Description The pecan tree is a large deciduous tree, growing to 20–40 m (66–130 ft) in height, rarely to 44 m (144 ft); taller trees to 50–55 m (160–180 ft) have been claimed but not verified. It typically has a spread of 12–23 m (39–75 ft) with a trunk up to 2 m (6.6 ft) diameter. A 10-year-old sapling will stand about 5 m (16 ft) tall. The leaves are alternate, 30–45 cm (12–18 in) long, and pinnate with 9–17 leaflets, each leaflet 5–12 cm (2.0–4.7 in) long and 2–6 cm (0.79–2.4 in) broad. The flowers are wind-pollinated, and monoecious, with staminate and pistillate catkins on the same tree; the male catkins are pendulous, up to 18 cm (7.1 in) long; the female catkins are small, with three to six flowers clustered together.
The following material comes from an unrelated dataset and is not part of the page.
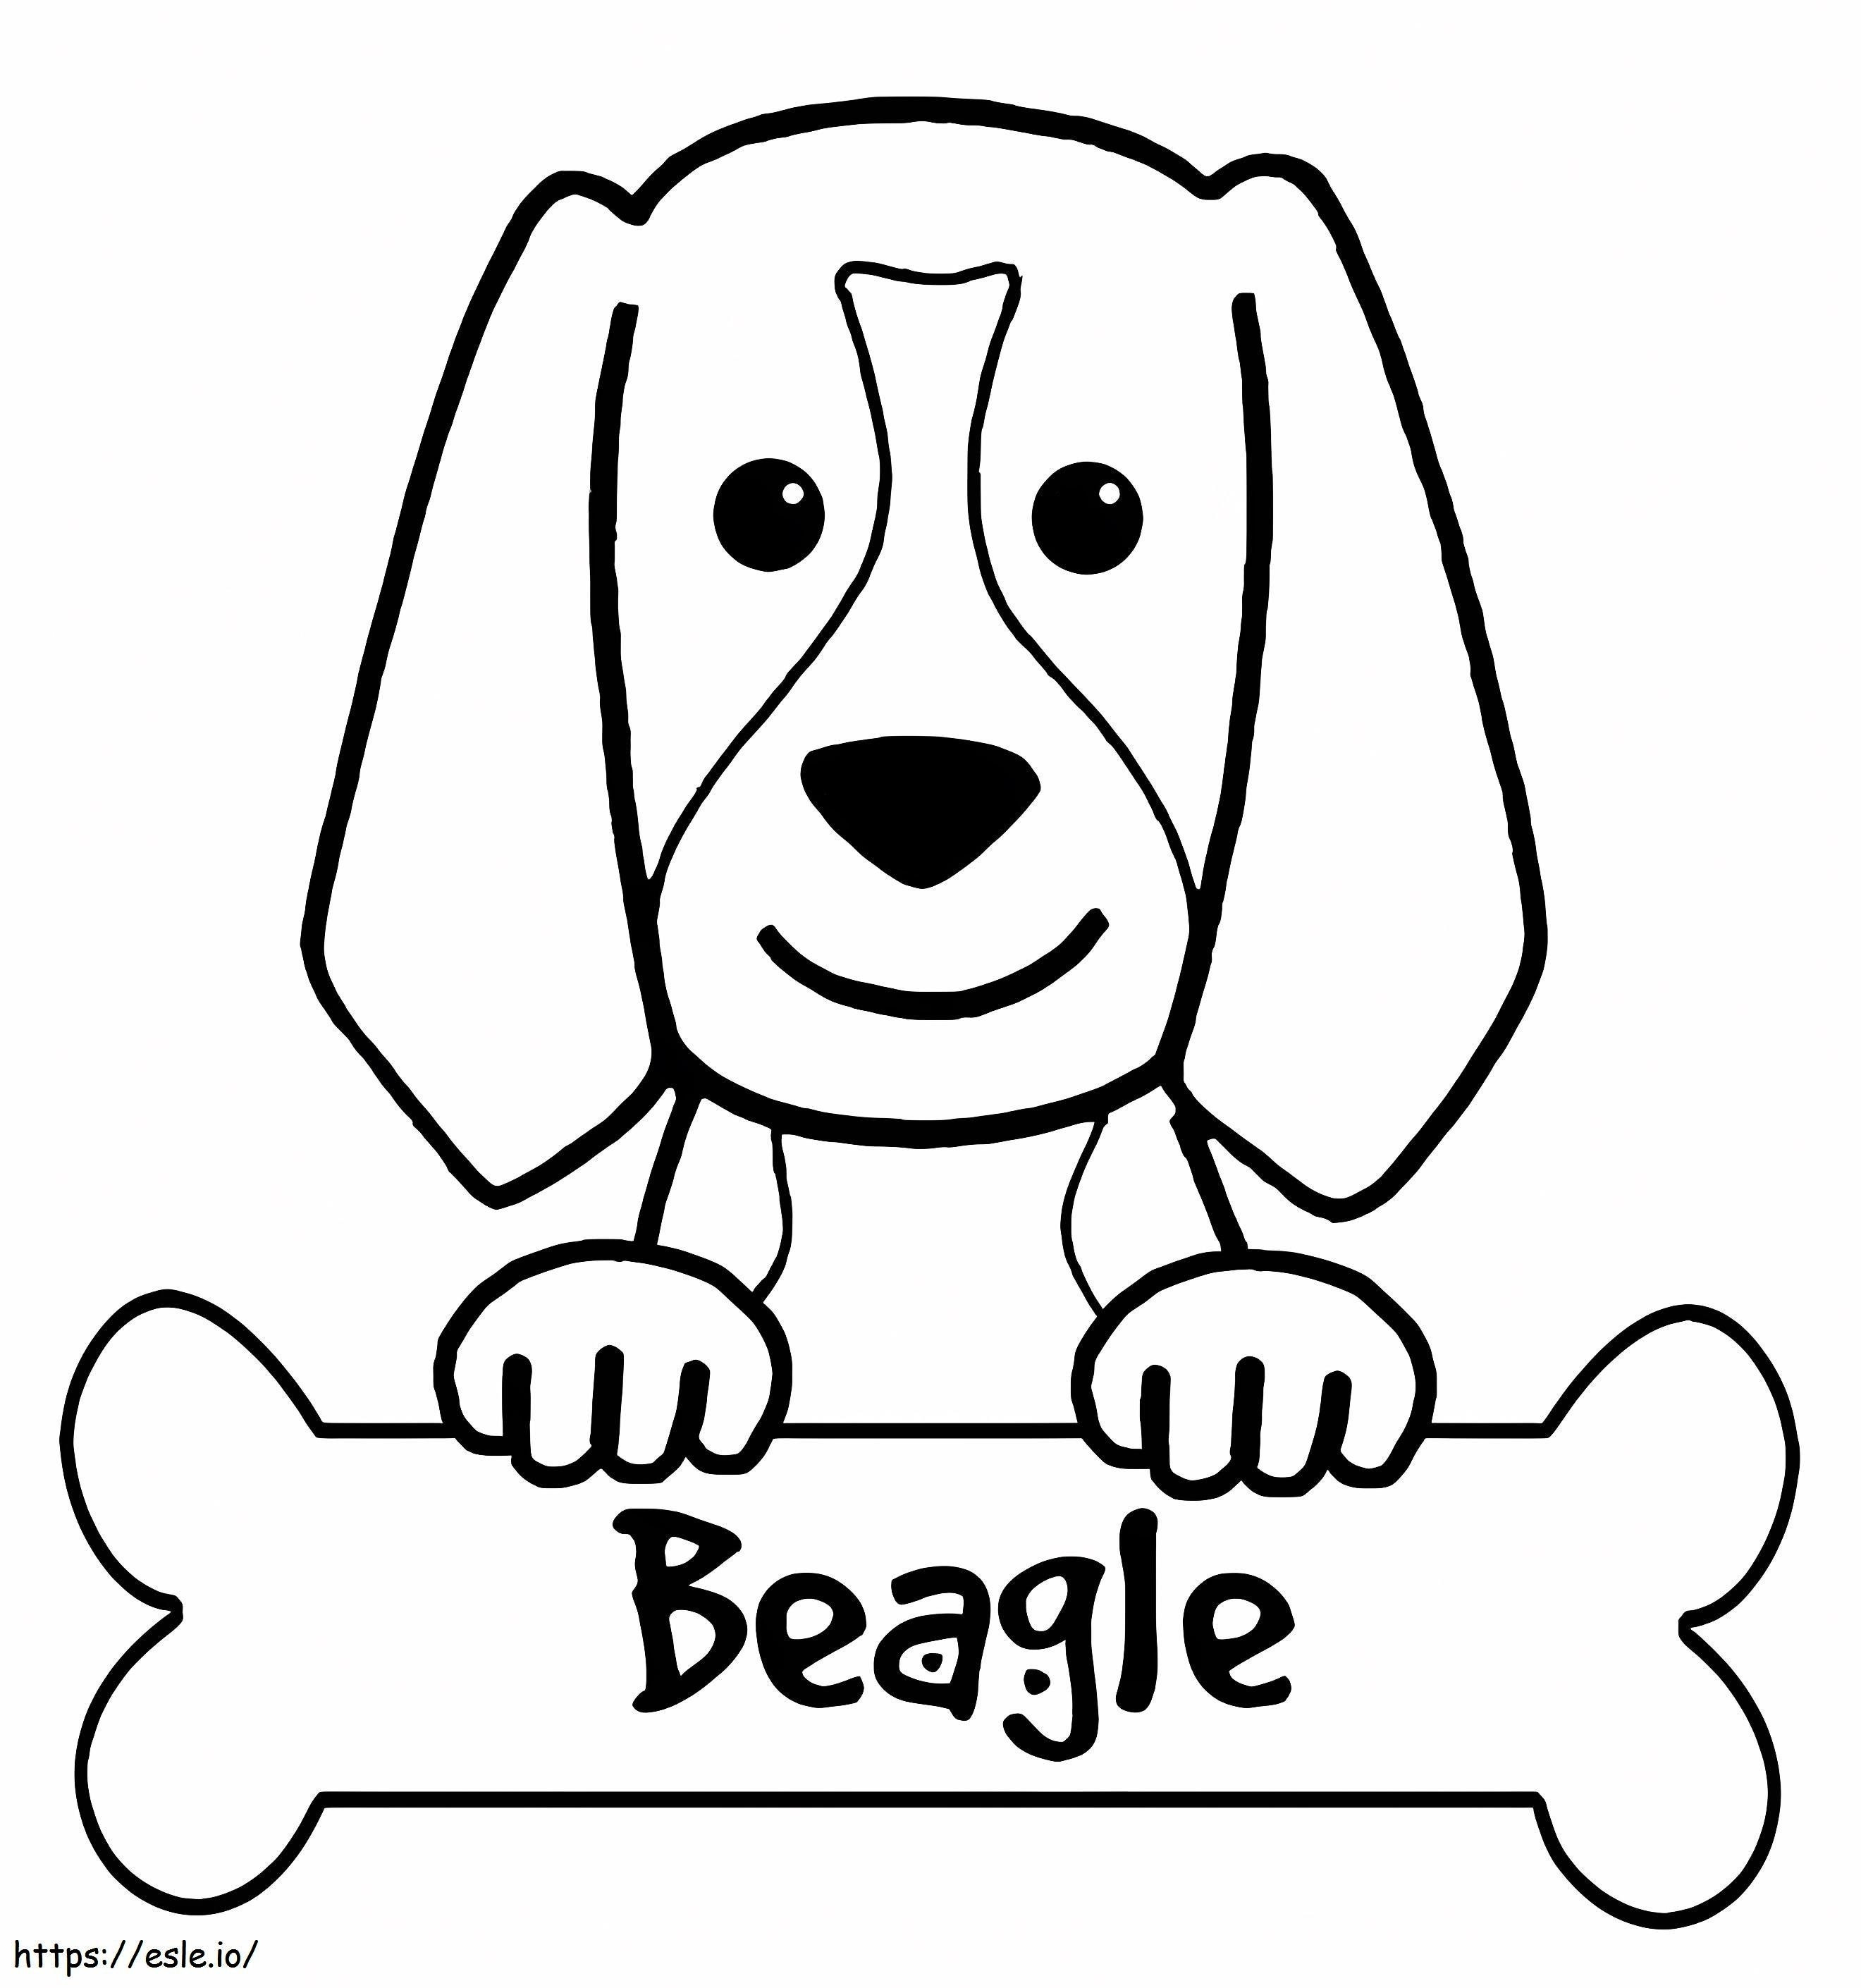 Süßer Beagle-Hund ausmalbilder
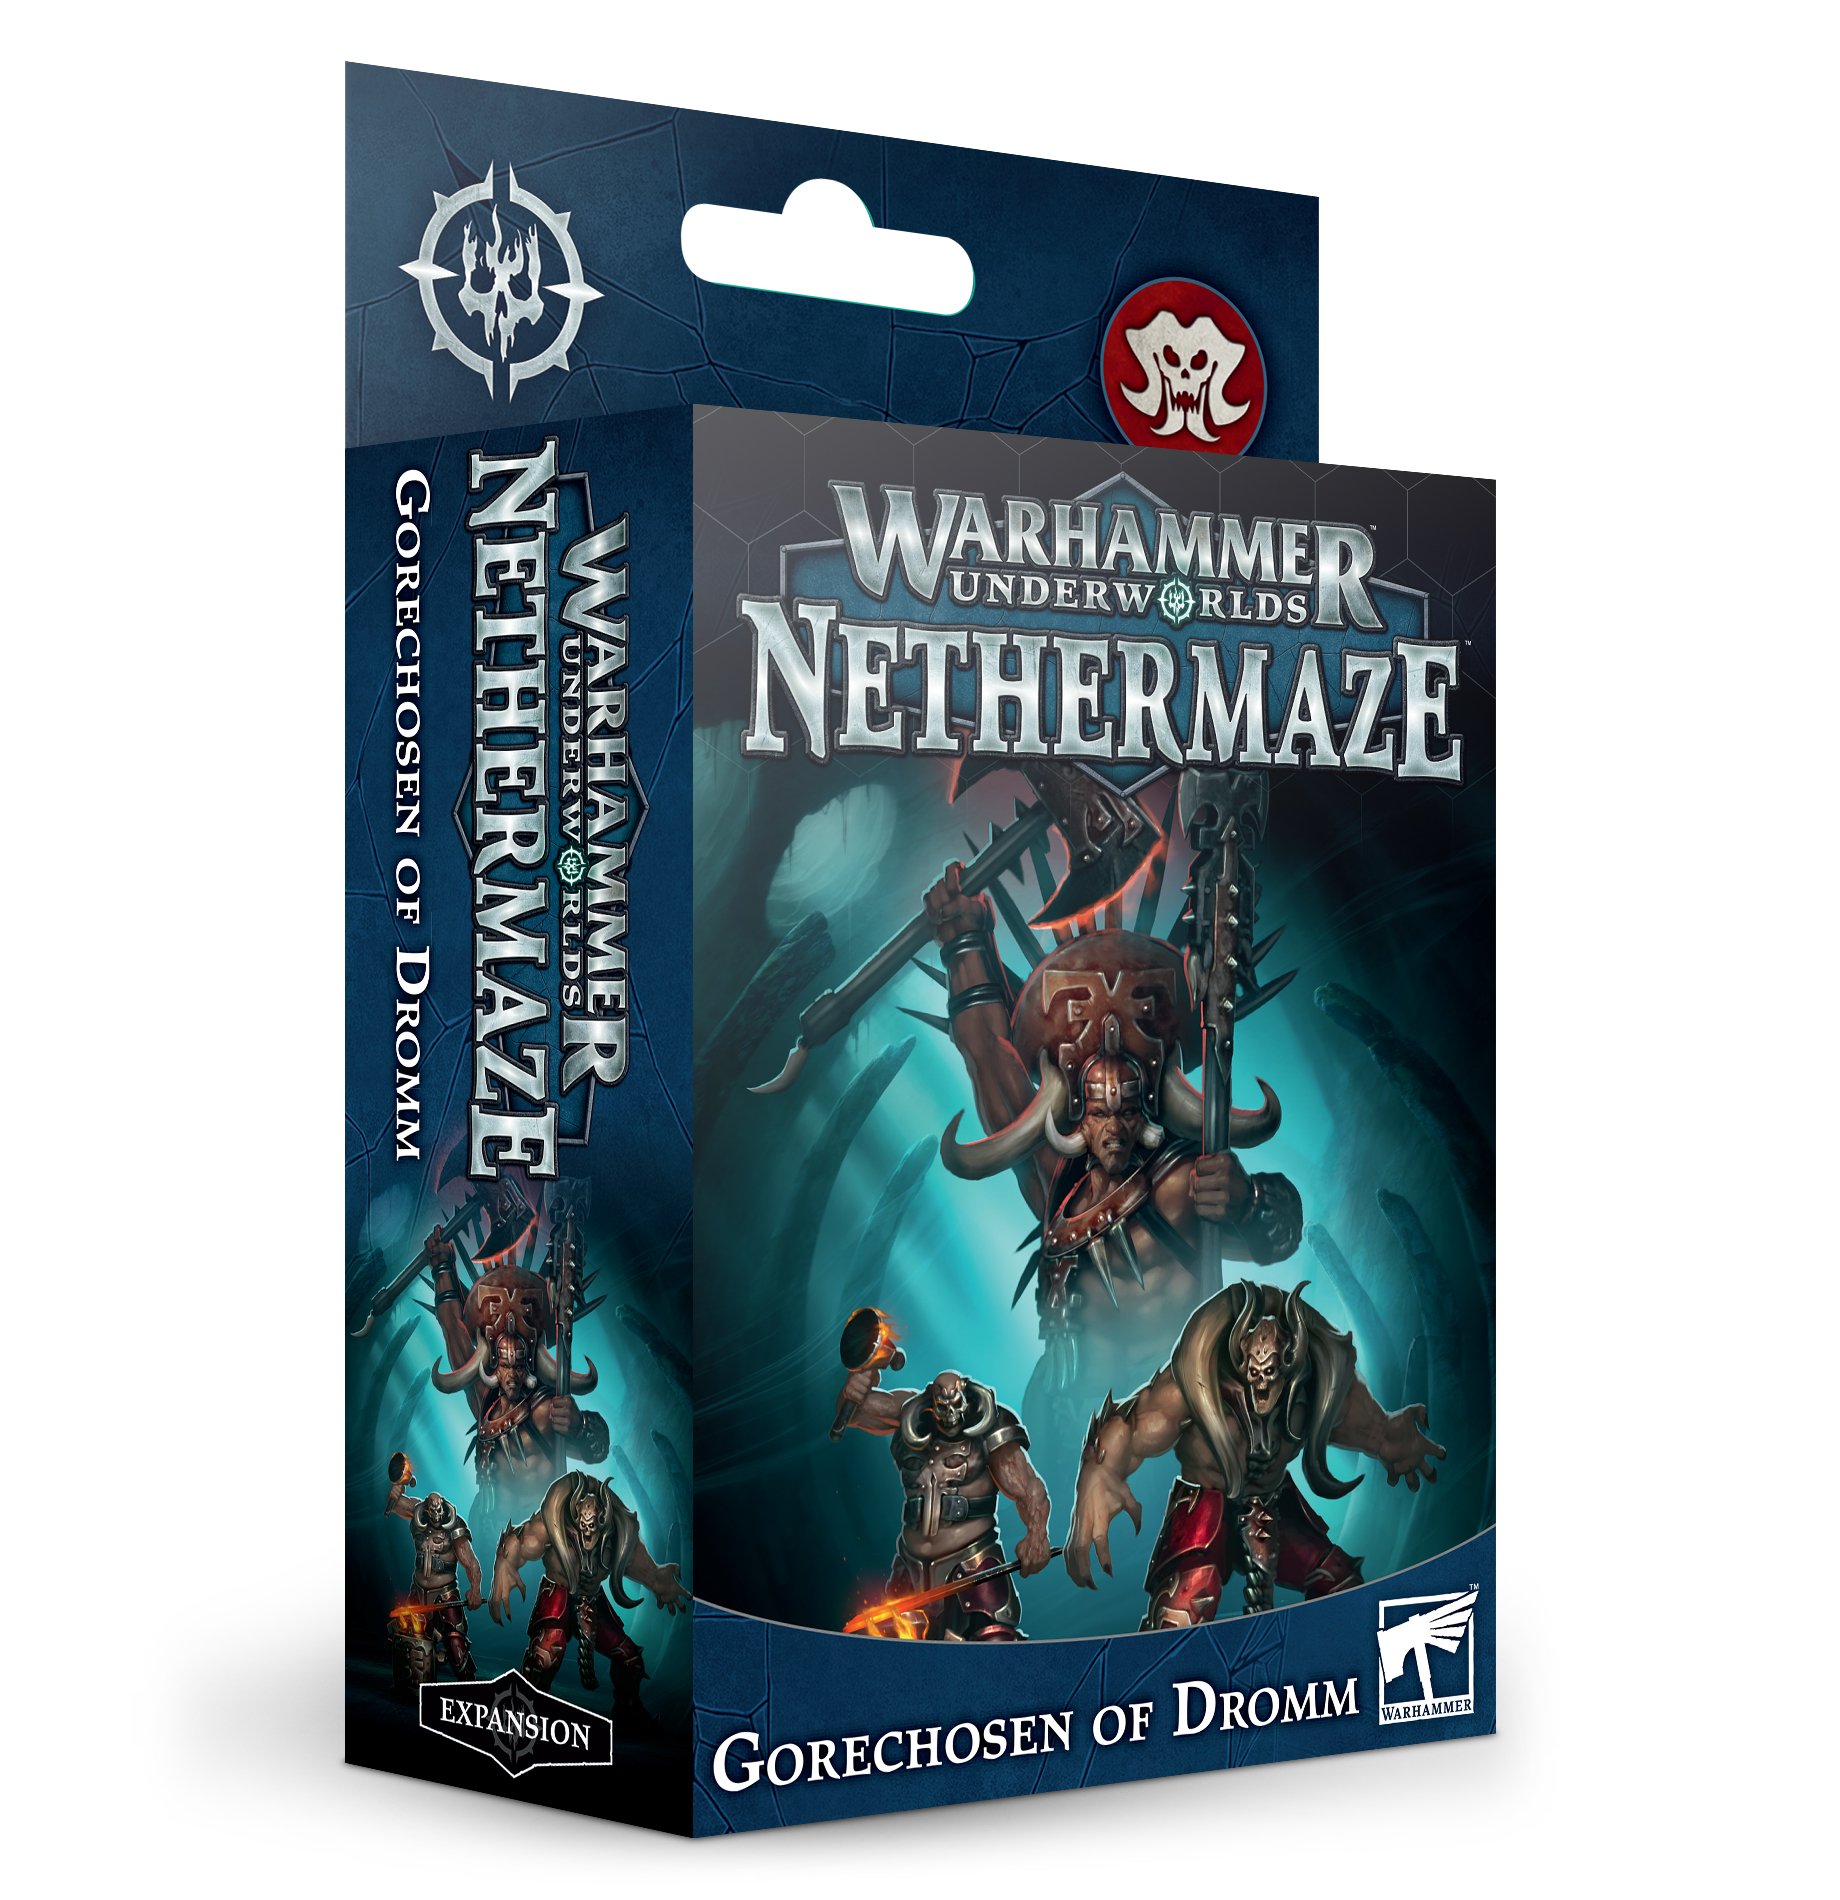 Warhammer Underworlds: Nethermaze – Gorechosen of Dromm (ENG)

A pecan, like the fruit of all other members of the hickory genus, is not truly a nut, but is technically a drupe, a fruit with a single stone or pit, surrounded by a husk. The husks are produced from the exocarp tissue of the flower while the part known as the nut develops from the endocarp and contains the seed. The nut itself is dark brown, oval to oblong , 2.6–6 cm (1.0–2.4 in) long and 1.5–3 cm (0.59–1.2 in) broad. The outer husk is 3–4 mm (0.12–0.16 in) thick, starts out green and turns brown at maturity, at which time it splits off in four sections to release the thin-shelled nut.

The nuts of the pecan are edible, with a rich, buttery flavor. They can be eaten fresh or used in cooking, particularly in sweet desserts but also in some savory dishes. One of the most common desserts with the pecan as a central ingredient is the pecan pie, a traditional southern U.S. recipe. Pecans are also a major ingredient in praline candy, most often associated with New Orleans.

In addition to the pecan nut, the wood is also used in making furniture, in wood flooring, as well as flavoring fuel for smoking meats.


Habitat Mountains, Canyons & valleys, Watersides (fresh).


Range Texas, Plains, Great Lakes, Florida, Southeast, Mid-Atlantic.


Comments The sweet, edible nut, makes pecan the best hickory for fruit production. The tree does not bear liberal quantities of fruit in the northern part of its range, but makes an interesting ornamental there. Susceptible to galls, twig girdlers, aphids, borers, weevils, pecan scab, tent caterpillars, and webworms. Slow-growing. Difficult to transplant because of a large taproot.


Exposure Preference Sun.


Native Distribution Alabama to Texas, n. to Ohio, s.e. Indiana, Illinois, s.e. Iowa & s.e. Kansas


Site Preference Wooded bottomlands; stream banks


Soil Preference Rich, moist, well-drained soils.


Wildlife Value Squirrels, blue jays and other wildlife eat the tiny, immature nuts. Serves as a primary host for some magnificent moths, including the luna, funeral dagger, and giant regal.